Piled high in a mountain of pain, these are the poachers’ traps laid to kill wildlife.
In the last four years more than 35,000 snares, wires and spears have been confiscated from just one African wildlife park – more per square mile than anywhere else in the world.
At this critical time for the planet’s health, I joined the Uganda Wildlife Authority on the front line of fighting the poachers.
Since 2018 they have arrested 1,700 suspects.

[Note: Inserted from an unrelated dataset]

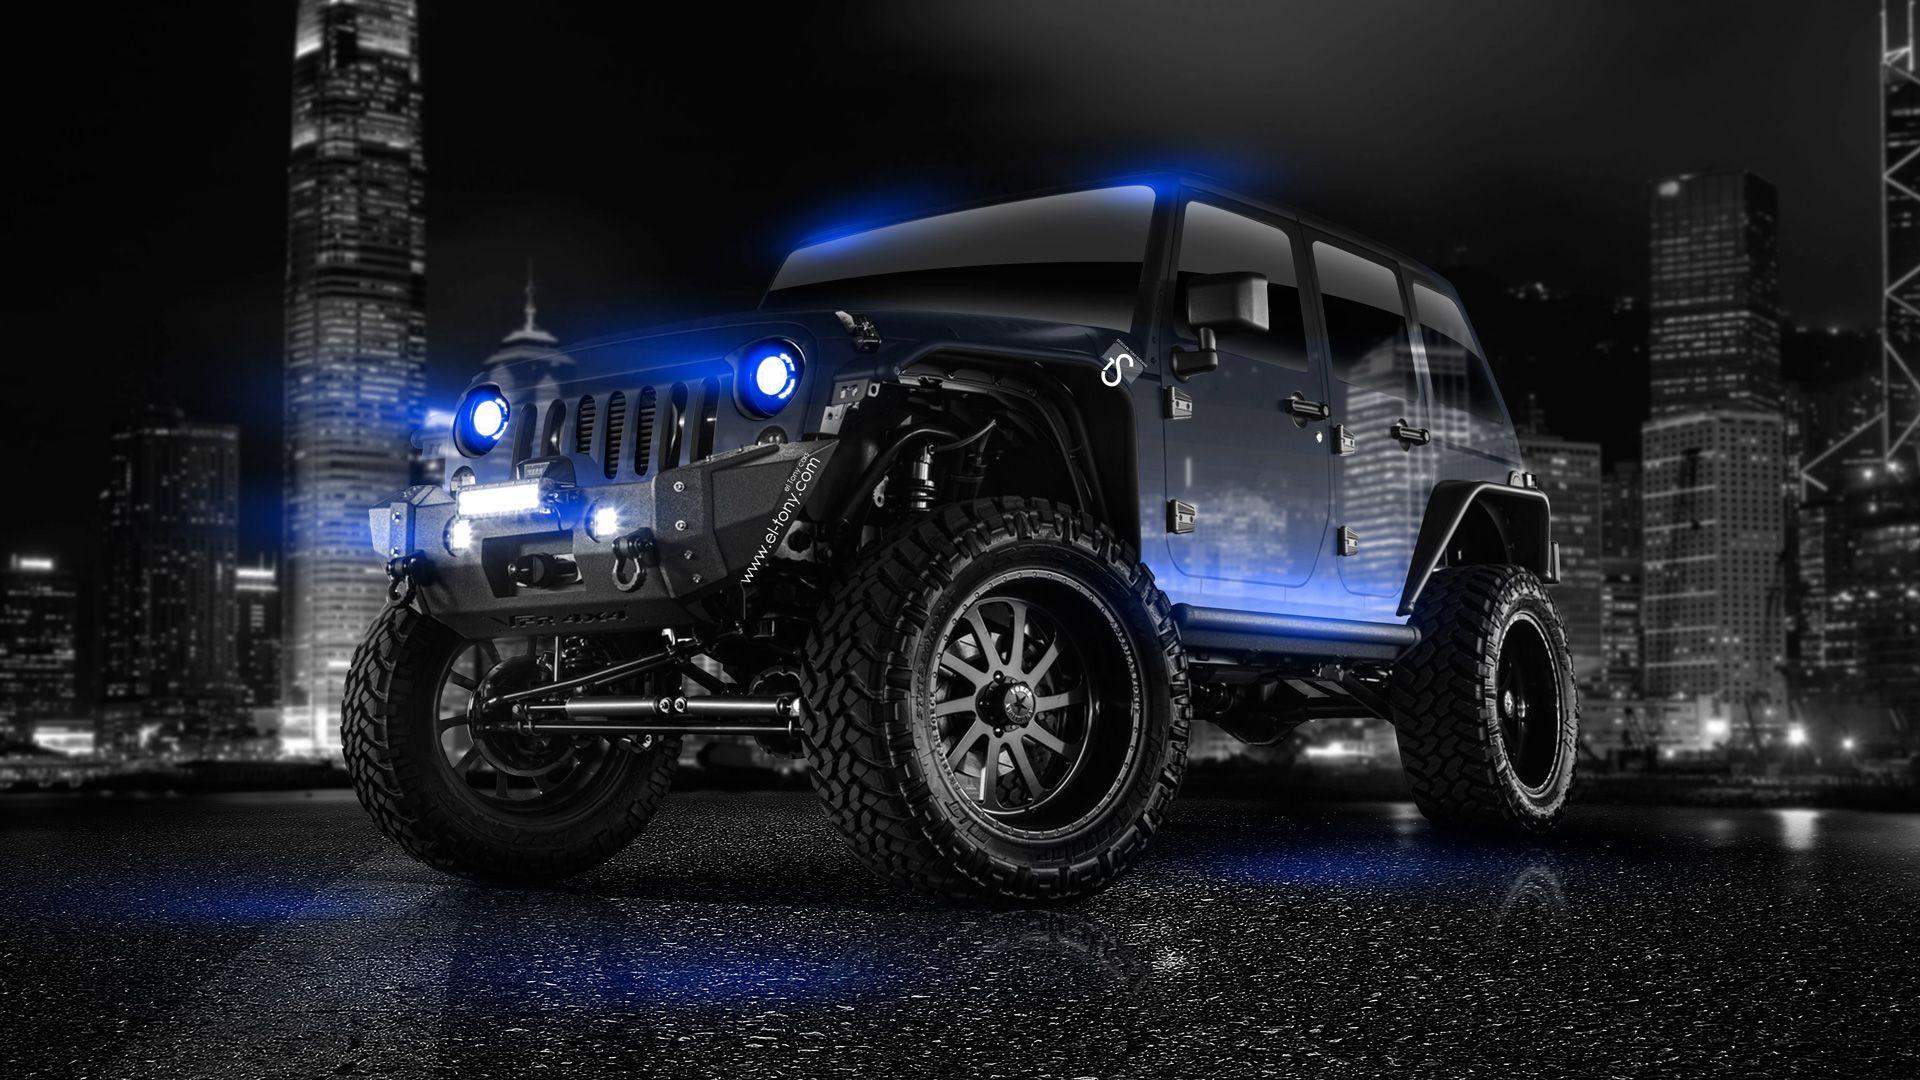 Hd wallpaper jeep - Jeep Wrangler Crystal City Car 2014 Blue Neon

Some have been from poor villages near the park – people looking for antelopes, buffalo or warthogs to feed their families.
But when elephants, giraffes and other animals also stumble into these cheap but effective traps, the tightening nooses kill by starvation, dehydration or blood loss.
More sinisterly, others are paid by a complex net of international criminals who slaughter elephants and hippos for ivory and lions for their bones.
Room of death
The obscene haul is smuggled to the Far East for traditional Asian medicines.
In the room of death, I saw one sickening leg trap with the remains of a hoof still attached.
Murchison Falls is Uganda’s largest national park. Within it 168 hippos, 27 elephants, 36 giraffes and five lions have been killed since 2018.
Haruna Kulu Kirya, a warden there for 28 years, said the sheer volume of confiscated traps show how far poachers will go.
A hippo had been horribly killed just days before my visit.
Haruna added: “We know who is responsible. We are waiting for them to return home so we can arrest them.”
His profession is the most dangerous form of environmental defence.
Close to a hundred rangers have been killed every year since 2010. Most have been in East and Central Africa.
When lockdown began, tourism, a pillar of Uganda’s economy, collapsed and poaching became rampant with 367 reported cases between February and June 2020 – more than twice the number recorded throughout 2019.
Uganda Wildlife Authority executive director Sam Mwandha said: “With many leaving towns and moving to villages we had a big problem. In some areas poaching rose by 50%.”
Wardens discovered traps with seven dead giraffes in them.
Three hundred miles to the south, four men were held over the poisoning of six lions in Queen Elizabeth National Park. Their paws and heads had been hacked off.
It was the third suspected poisoning since 2010. In the worst attack, in 2018, 11 lions, including eight cubs, were found dead. Pandemic-related poaching has not been the only setback for Uganda’s wildlife.
Until the early 1970s it had many rich wildlife habitats. Alone in East Africa, it had two species of rhinos within its protected areas.
But by the end of the civil war in 1986 not a single one remained.
More than a decade earlier, dictator Idi Amin encouraged the slaughter of many other animals, with elephant numbers dropping from 30,000 to 2,000.
Around 90% of the giraffe population was wiped out, leaving just 300 to 400.
In 2005 Rhino Fund Uganda reintroduced this highly endangered species, whose horn is worth more than gold, at the Ziwa Sanctuary.
Now 35 southern white rhinos roam freely, guarded by 55 miles of electric fencing and 80 armed and fiercely passionate rangers.
It is hoped the animals will one day be released to the wild.
At next week’s Cop15 biodiversity summit in Montreal, Canada, governments will negotiate targets on preventing biodiversity loss.
It follows scientific evidence that humans are driving a mass extinction of life with a million species in danger.
Despite the ominous warnings, no world leaders are scheduled to attend the meeting, which clashes with the World Cup.
Why is bringing back species such as rhinos from the brink of extinction so important?
Senior warden Fred Kisame said the mega-herbivores play a key role in the health of the ecosystem.
He added: “They graze for hours, which in turn encourages new growth providing food for others such as elephants, zebras, antelopes and buffalo.
“Also, by choosing some plants over others, they help increase plant biodiversity, allowing some species to thrive in the savannah. This in turn acts as a natural carbon sink, absorbing carbon dioxide.”
Mr Mwandha, of the Uganda Wildlife Authority, says other species are also on the increase thanks to its efforts, including 8,000 elephants, 2,000 giraffes and over 150,000 Uganda Kobs, a type of antelope.
It’s an impressive start to an almost overwhelming problem.
There’s still a long way to go. But in the killing fields of Africa, the poachers are now being hunted down in the desperate fight to protect our planet.